Alex had commented `You think they look so huge when you
are miles away. And then they just keep getting huger.' The size of the mountains was inversely proportionate to the pit in my stomach as I thought about clinging to some miniscule little hold of desert sandstone that breaks in hand 2000' off the ground. But always up for an adventure I decided to give it a go. Five pitches from the base, we reached the top of Solar Slab Gully at noon. Then we were finally ready to start our real climb, the 9 pitches of Solar Slab itself. Let us note that the highest I have ever climbed in my life was 5 pitches the day before. The highest before that was a simple 2-pitch climb that turned into three and a 100-foot traverse in the dark in NC, without headlamps or any real idea where the rap rings could possibly be. And was my first taste of the Alex insanity (which at the time I thought was a fluke).
My method of climbing Solar Slab had been to not look. Not look down, not look up, and not look out. Definitely, not to look out. Just take one tiny hanging belay at a time. It all became very Zen-like and inward. Noting the iron-oxide coloration patterns on the rocks, the pretty pink cliff flowers in bloom, the beautiful ice chunks falling from an unknown location reflecting rainbows in the desert sun, hearing distant laughter from the belayer as the leader was pelted and unhappy with such ice, fascinated by the sun-cast shadows of worn climbing ropes and trad gear...
And then... And a snowstorm was upon us. With mountain updrafts swirling the flakes in all directions. I questioned my partners and asked if they thought we should rap down now. I tried to lead their answers by saying how cold out it is, how they are both freezing and hungry, and how our ropes will probably get stuck during the raps. They both stared at me blankly and claiming it is still safe and fine and we should keep climbing a few more pitches and it's not dangerous until the snow actually accumulates a lot, and we are only a couple of hours from total darkness, and even though we are miles from the car...etc.. And so I turned inward again. The white flakes falling on my wind-stopper are light, fluffy and melt slowly into the darkening fleece. My lips feel cracked and cheeks chapped from the cold 5:30 am start, the hot noon day sun, and the current high winds accompanying the snow. Visibility is diminished and I can't see the top of the adjacent peak. I can do nothing more than climb on.
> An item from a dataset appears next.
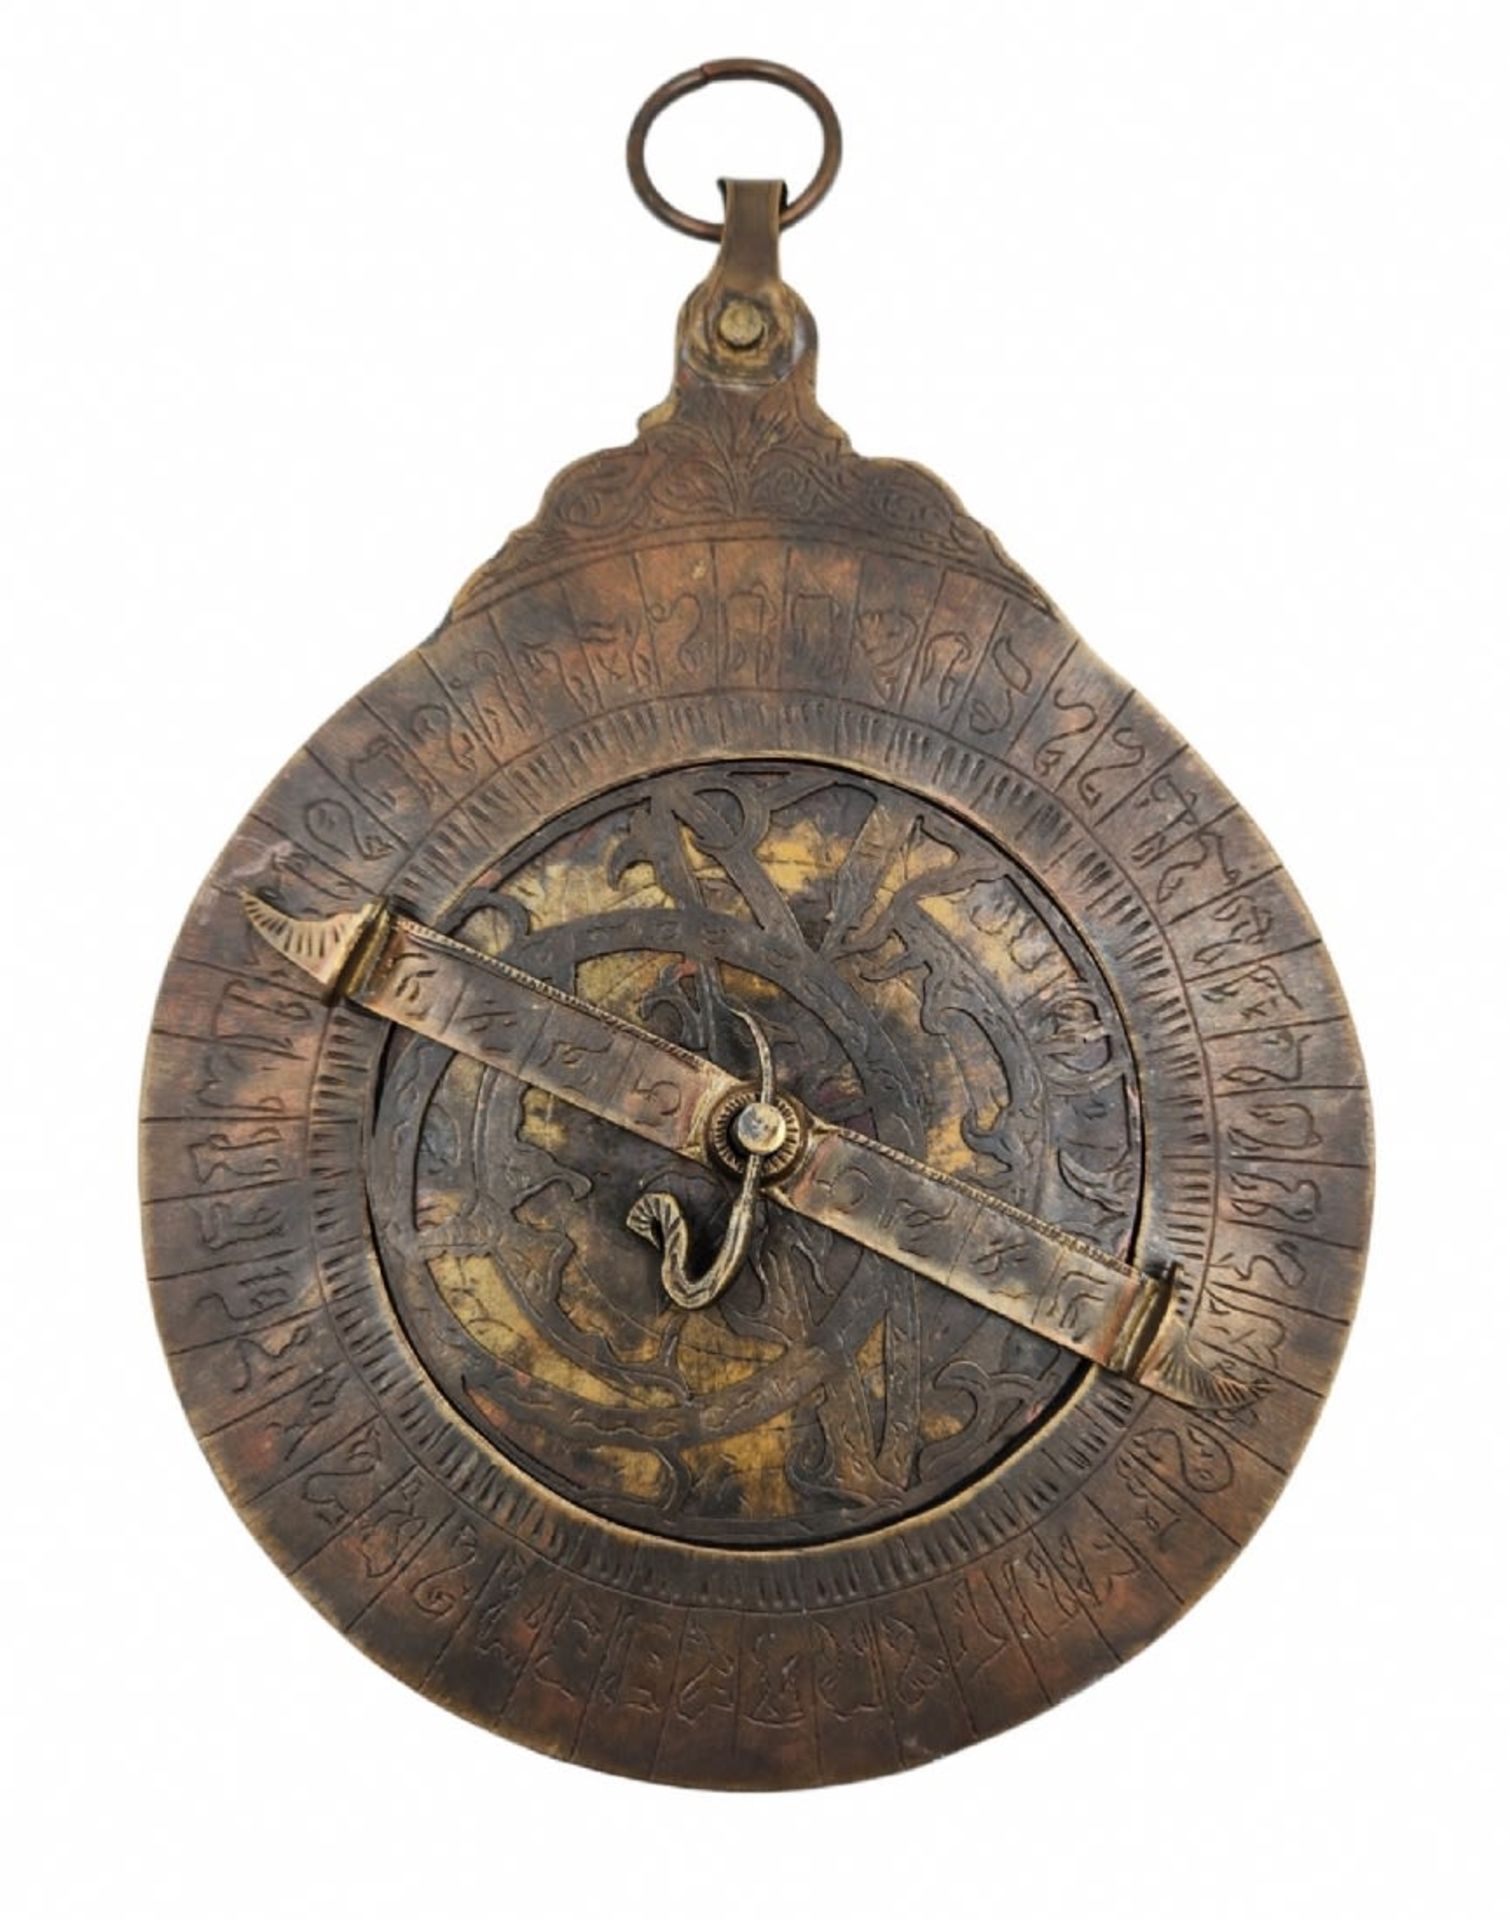 Astrolabe - Islamic Persian, made of brass, decorated with calligraphic engravings, end of the

After an eternity, Alex and Anthony decided we should rap down. It goes slow due to ropes being stuck and my being a bit scared for a 30' free hanging simul-rap over sharp rock as we searched for the next set of anchors. We finally made it to the ground and I was elated. I didn't even care when we were lost and hiked 5.5 miles in a roundabout direction to the car. Alex writes that we took an `alternate trail' out. What he meant to say was that we bushwacked our way randomly through the desert impaling ourselves on every pointy and prickly plant ever to exist and somehow we survived the streambed with cabin-sized boulders that we had to climb over and jump off of, headlampless.
James, asked me in North Carolina if I had ever been afraid climbing. I took the next day off from climbing.